For many Northwestern students, papers are often procrastinated, written quickly, handed in and – it is hoped – never thought about again. But Prof. John Bresland has raised the stakes for students in his Reading and Writing Creative Non-Fiction class by requiring them to post their weekly writing assignments on a Web log called “The 208.”
Bresland developed the blog last quarter and named it after the class course number in the English department.
“The blog gives a larger audience to the students’ work,” he said. “Writing has a goal beyond the grade.”
Anyone can read the posts, although only Bresland and the students from this year’s fall and winter non-fiction classes can contribute.
Although students currently enrolled in the class are required to post, almost half of the students from Fall Quarter have continued to participate in the blog, Bresland said.
“As opposed to a Blackboard discussion board, the knowledge that it was open space that anyone in the world could access gave it a greater sense of reality,” said Nick Johnson, who took the class in the fall and has posted once since Fall Quarter.
“It was also a shared space, more so than a discussion board,” the Weinberg senior said. “Having that space made it seem so much more communal.
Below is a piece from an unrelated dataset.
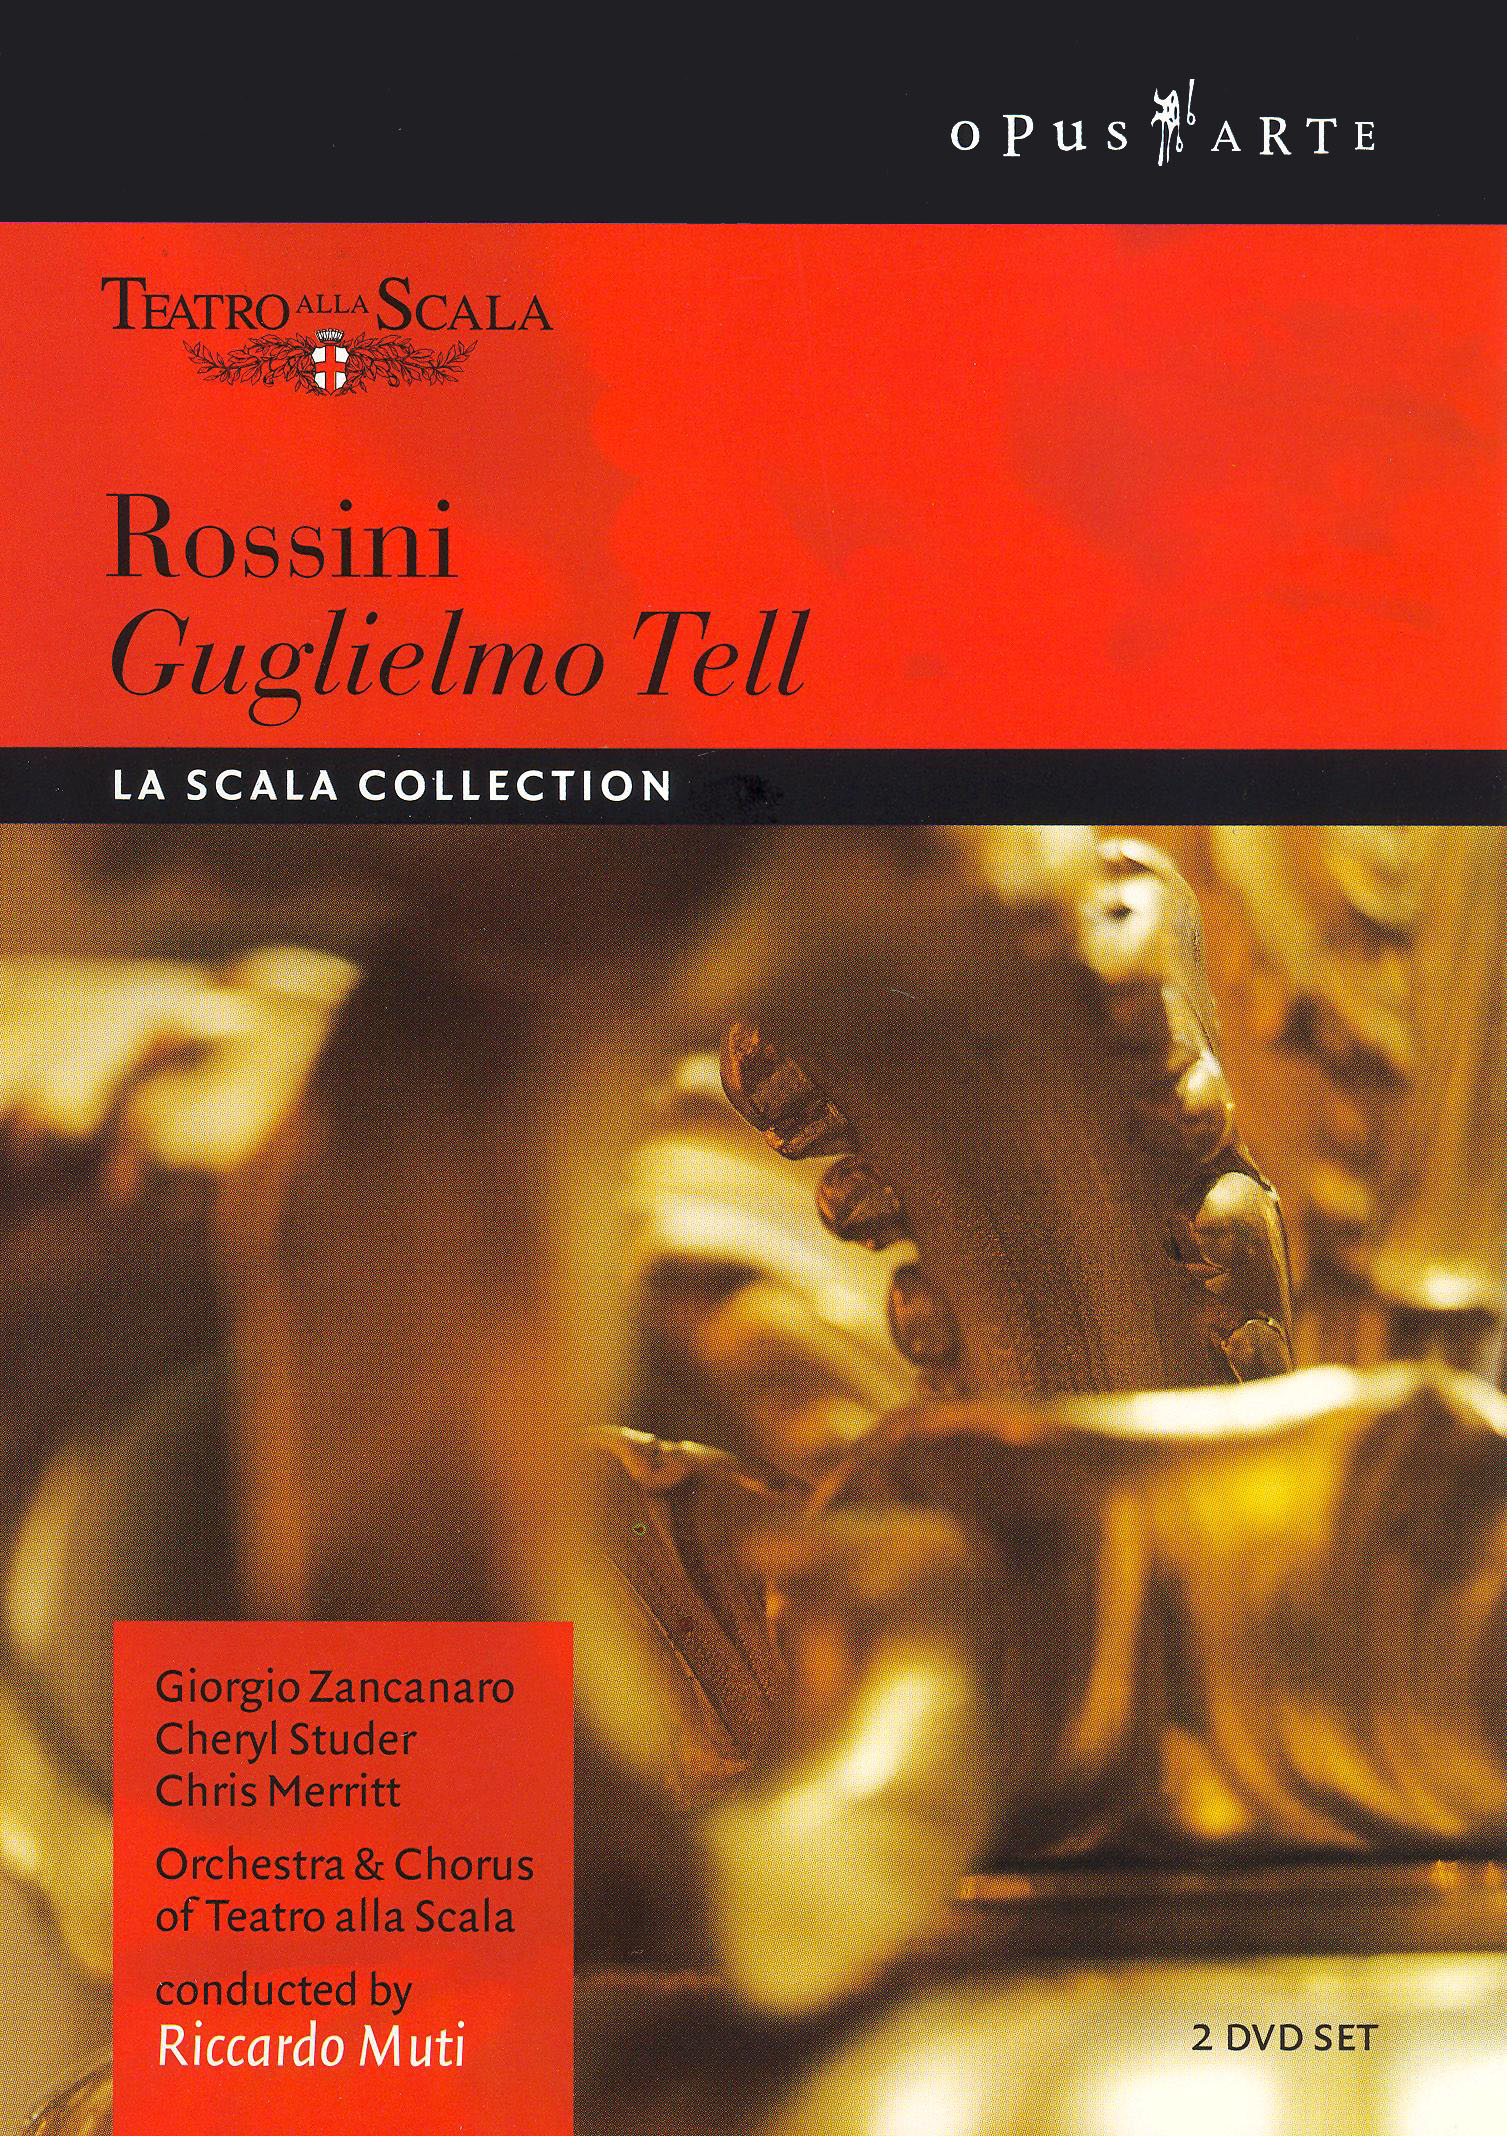 Rossini's William Tell
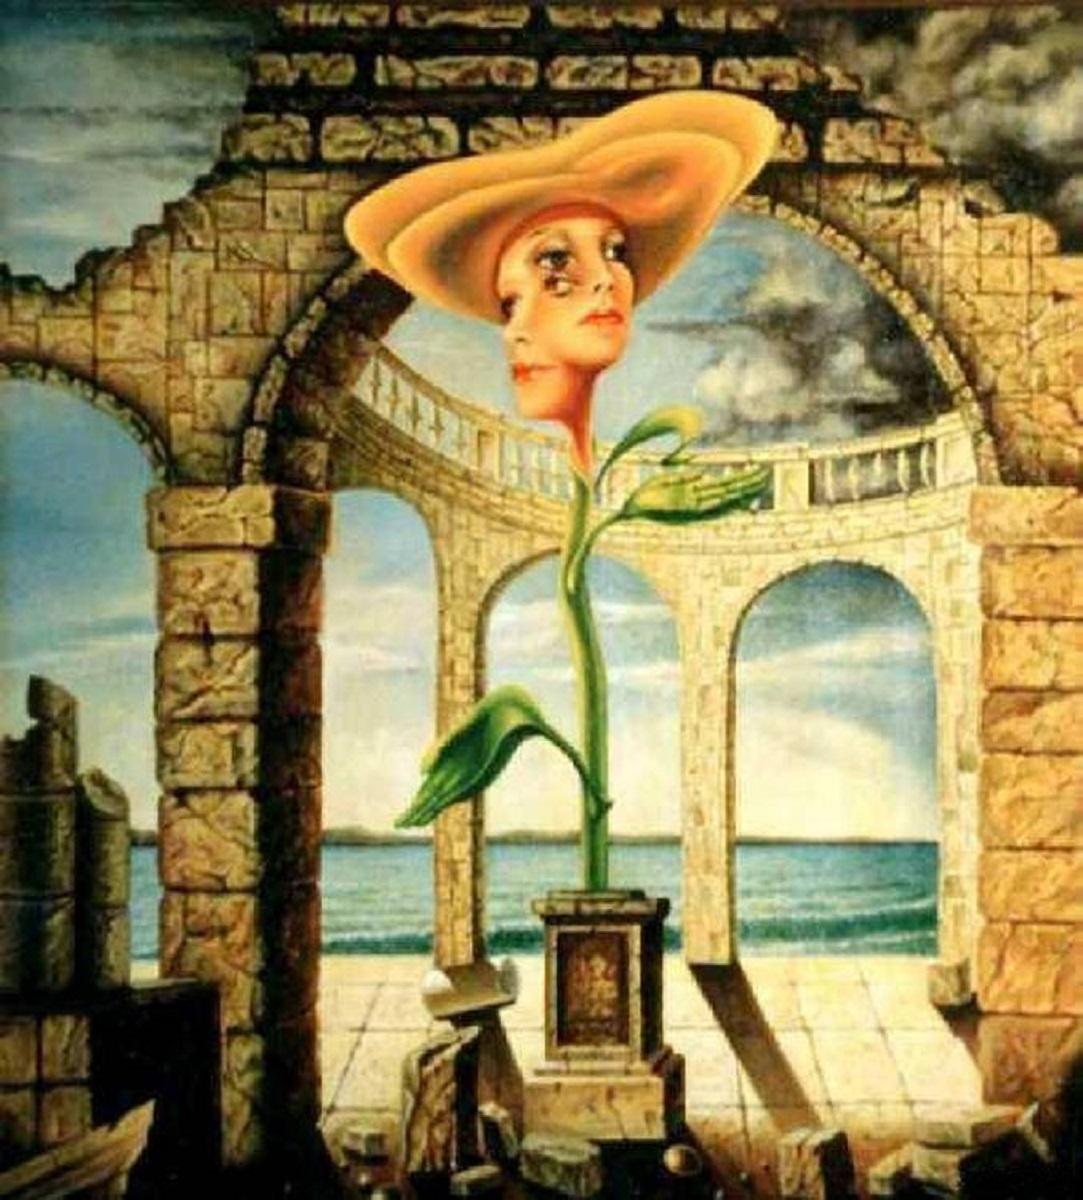 Vladimir Vasilyevich Abaimov. Madonna in an Orange Hat in the Architecture of Manyasco

It was our space.”
Students are required to comment on at least two of their classmates’ posts in addition to posting their own work. Bresland said this was intended to develop a sense of community in the class.
“It is personalizing and depersonalizing at the same time,” said Liz Thiers, a Weinberg senior from the Fall Quarter class. “There is a propriety that exists in class, and blogging has a different feel … It created a different dialogue than normally exists in a classroom.”
Bresland said he started the blog to help his students establish the habit of writing regularly and to familiarize students with using the Web as a medium.
“I think it might in some ways be superior to a print form of writing because it is low pressure, and it is in that atmosphere that people produce good writing,” said Alex Bergstrom, a Weinberg sophomore currently taking the class.
The Web’s potential to let writers use photos, video and music clips to supplement their writing allows them additional means of expression, Bresland said.
Another appealing aspect for Bresland is the Internet’s capacity to reach a wide audience for a longer length of time than traditional media outlets.
“Literary magazines might publish 2,000 copies in print and go to 2,000 libraries and no one sees them,” he said. “But being in an online library, work can be archived. Students need to understand that their work can be seen, and it is no longer just a scholastic activity.”
Since blogging is still a relatively new activity for his classes, Bresland said he’s still learning.
“It is a trade-off; if you are asking a student to write an experimental work, how can you ask them to write an experimental work in a place where everyone can see it?” he said. “I haven’t seen why it might be a terrible idea yet, and I haven’t seen why anyone wasn’t doing it five years ago.”